▶ [ASSIGNED TASK] Copy, without a single change, each line from the one that holds "Gravure sur papier" to the bottom of the entries below, and drop any pictures.

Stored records
[Start of section]

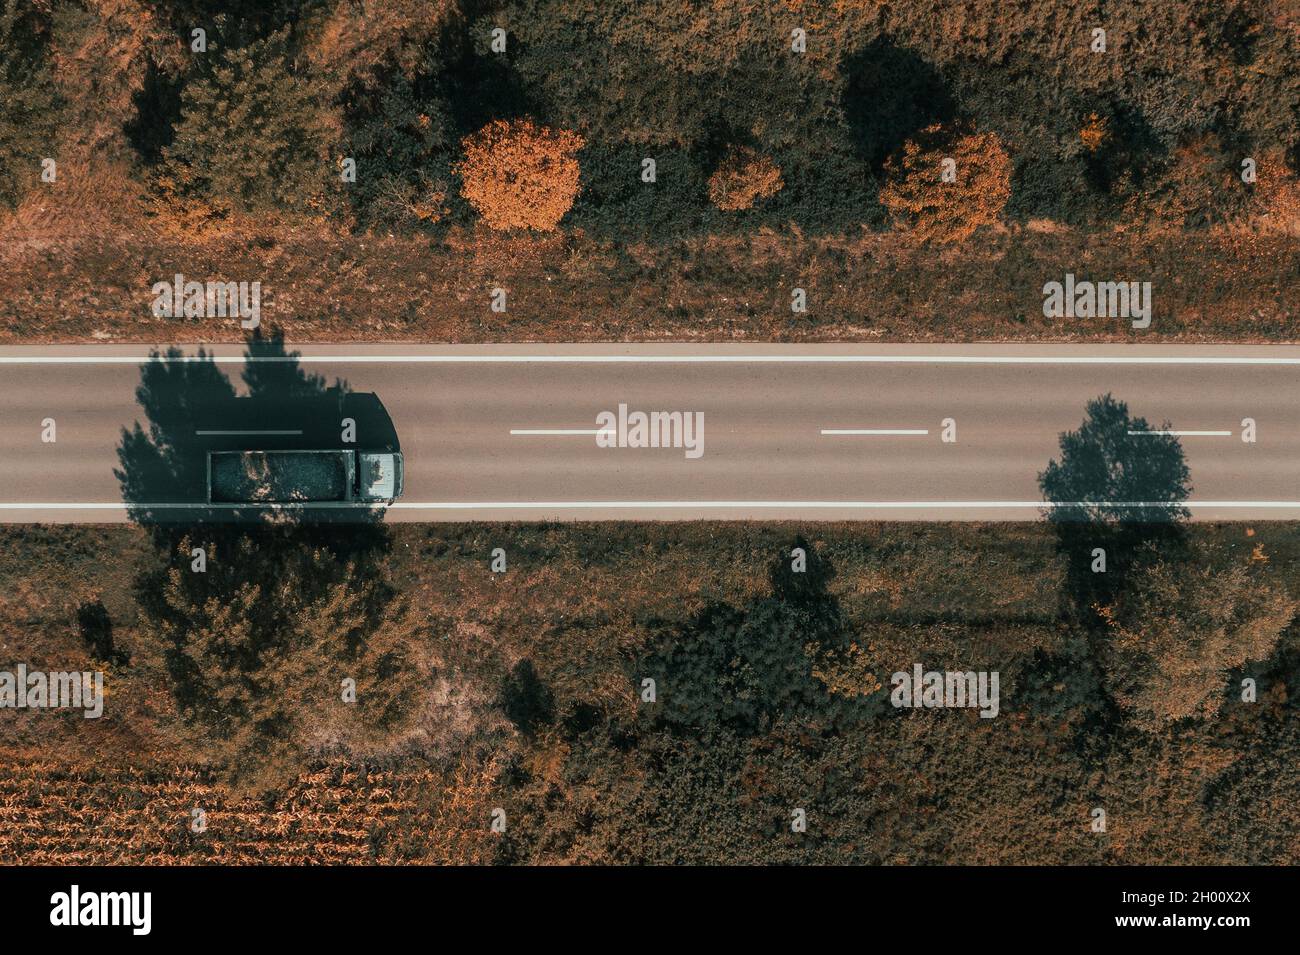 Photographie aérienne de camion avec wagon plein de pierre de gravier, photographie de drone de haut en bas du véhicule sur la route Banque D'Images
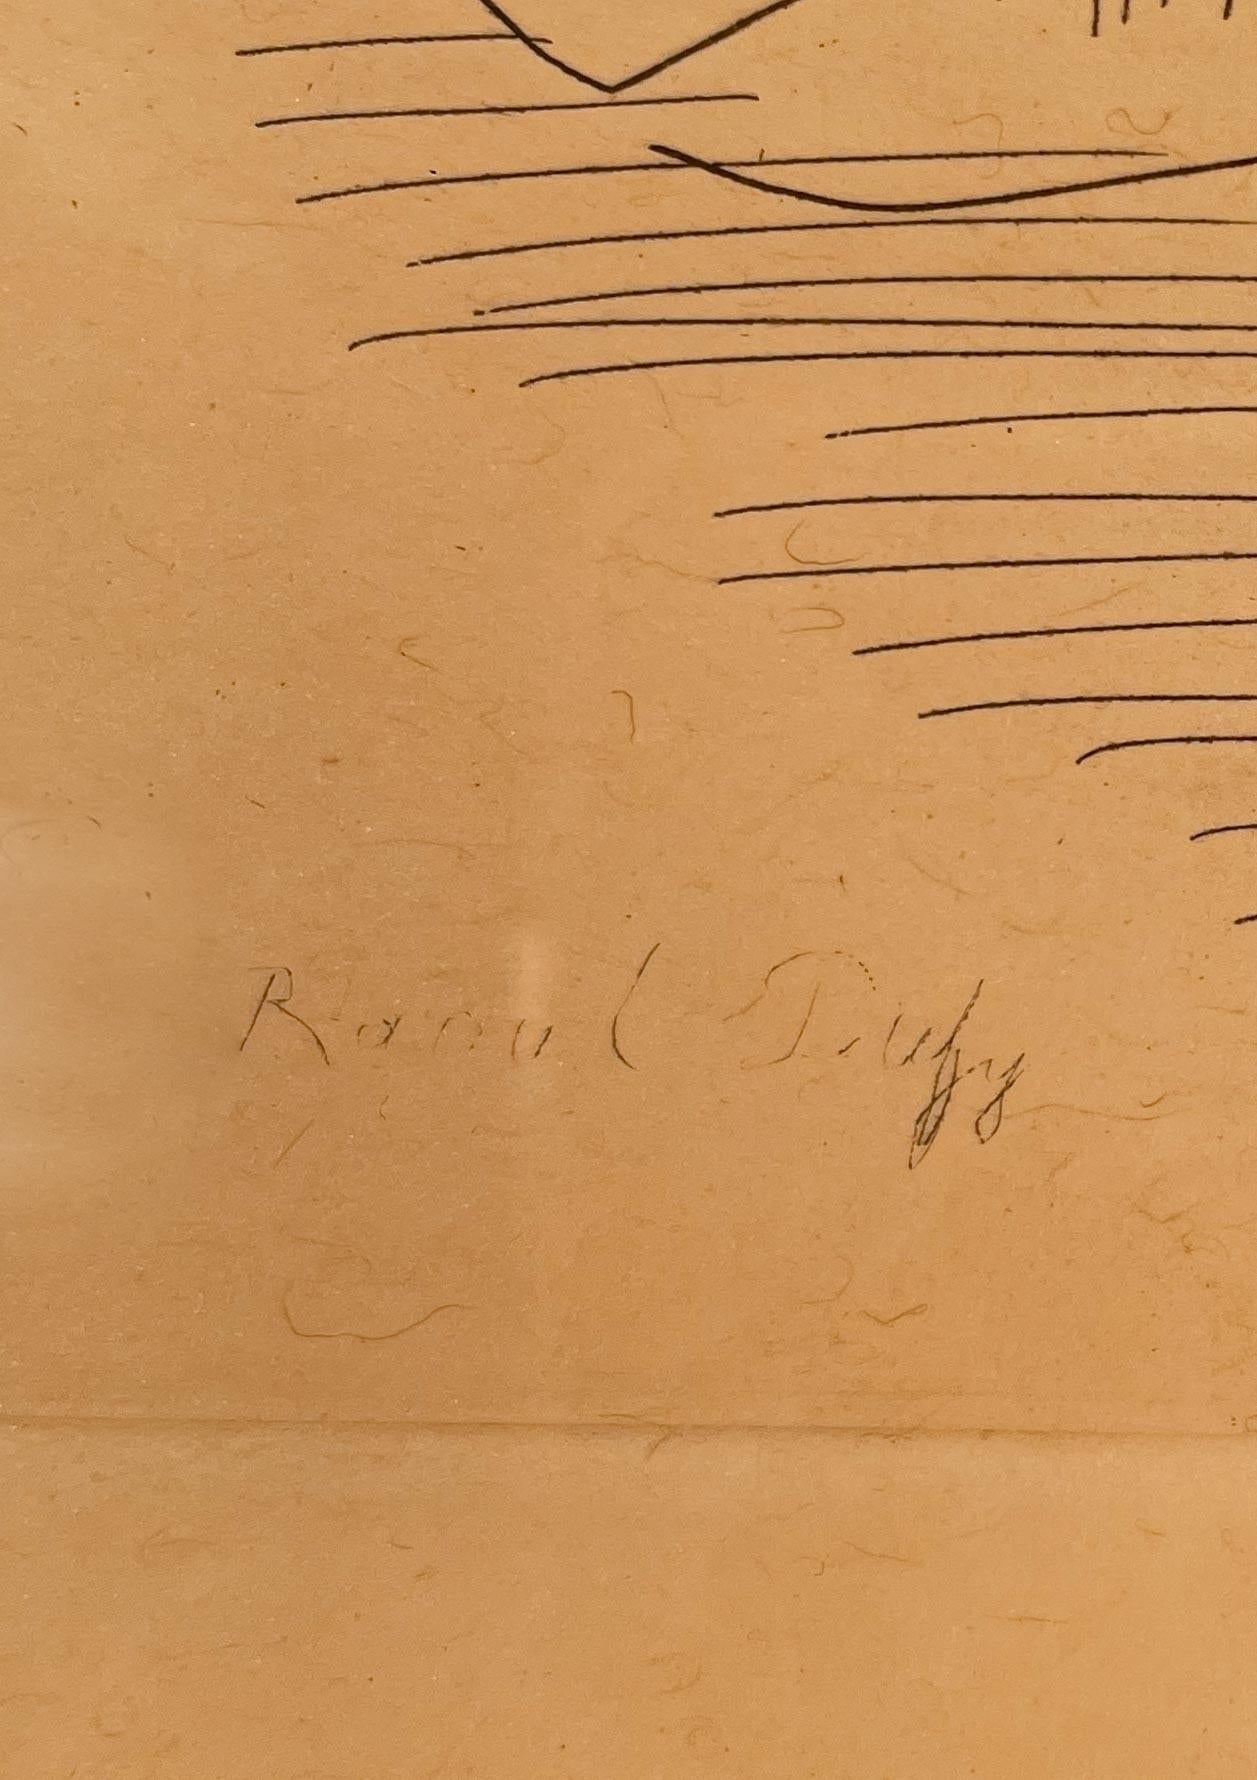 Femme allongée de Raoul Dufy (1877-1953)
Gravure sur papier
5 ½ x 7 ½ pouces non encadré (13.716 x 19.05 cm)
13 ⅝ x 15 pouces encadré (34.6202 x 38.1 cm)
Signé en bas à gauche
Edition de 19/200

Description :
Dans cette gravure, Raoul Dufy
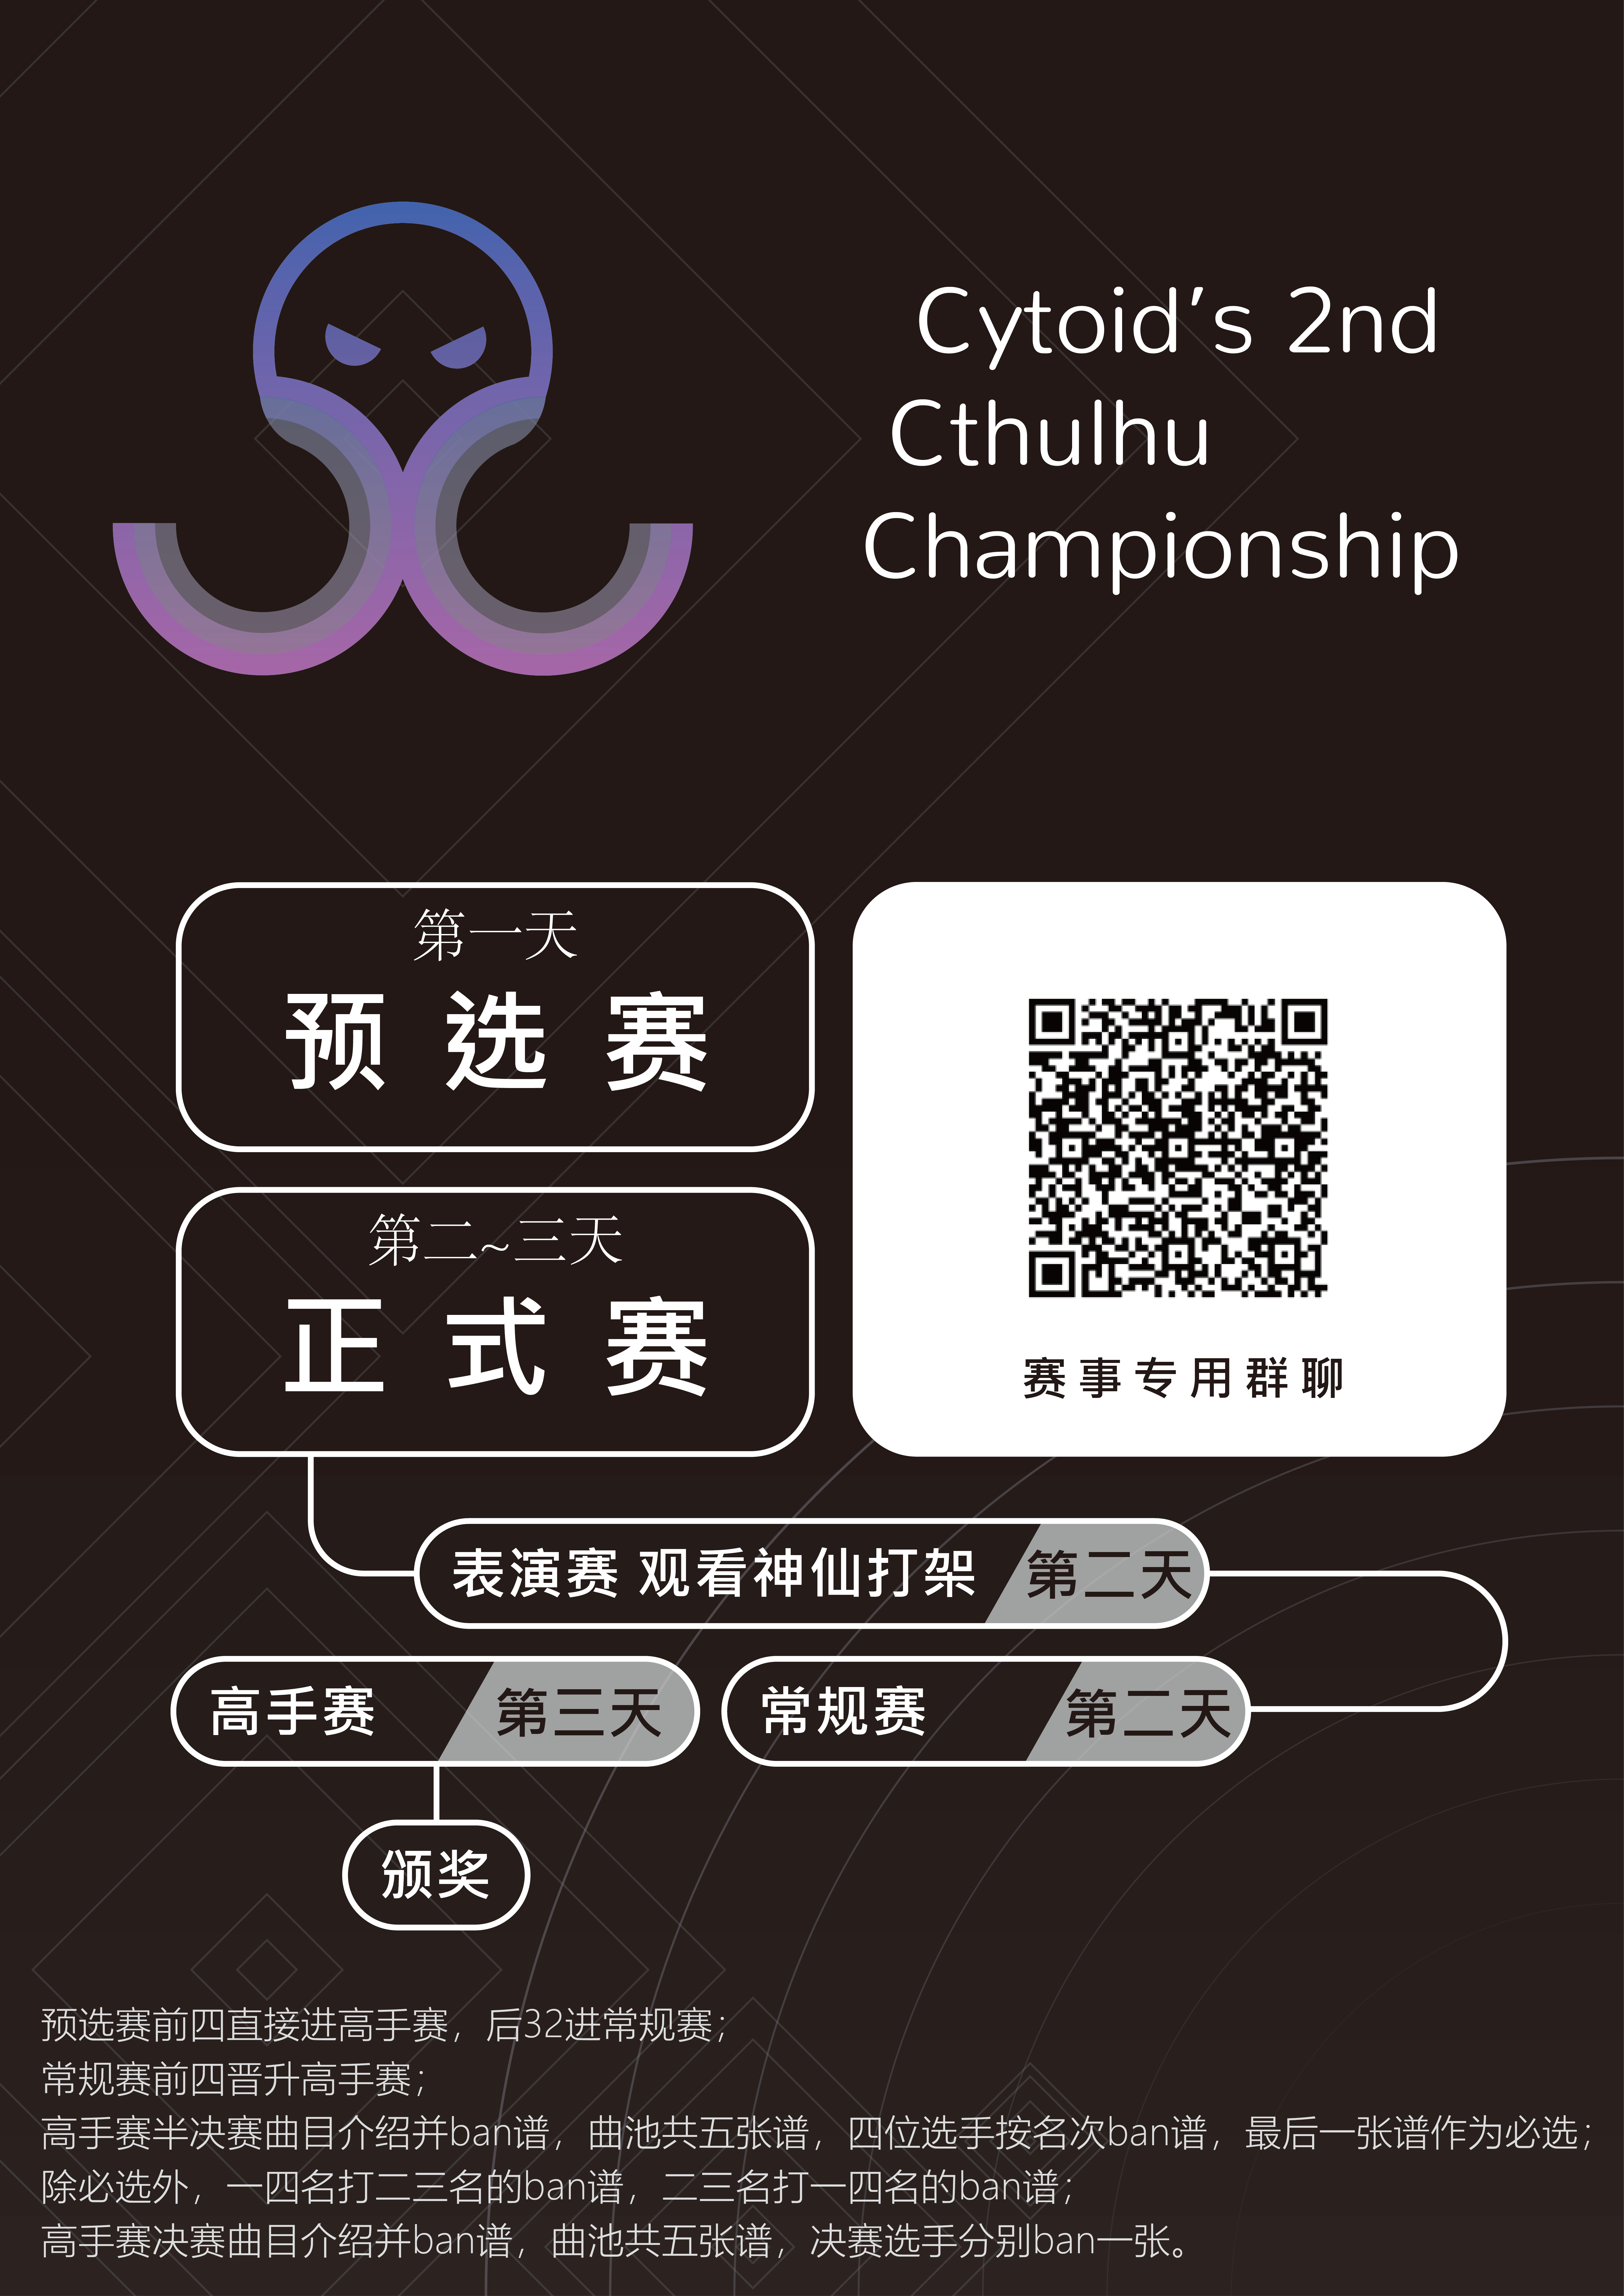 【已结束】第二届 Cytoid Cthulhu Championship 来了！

[End of section]

▶ [EXPECTED ANSWER]
Gravure sur papier
5 ½ x 7 ½ pouces non encadré (13.716 x 19.05 cm)
13 ⅝ x 15 pouces encadré (34.6202 x 38.1 cm)
Signé en bas à gauche
Edition de 19/200

Description :
Dans cette gravure, Raoul Dufy
 【已结束】第二届 Cytoid Cthulhu Championship 来了！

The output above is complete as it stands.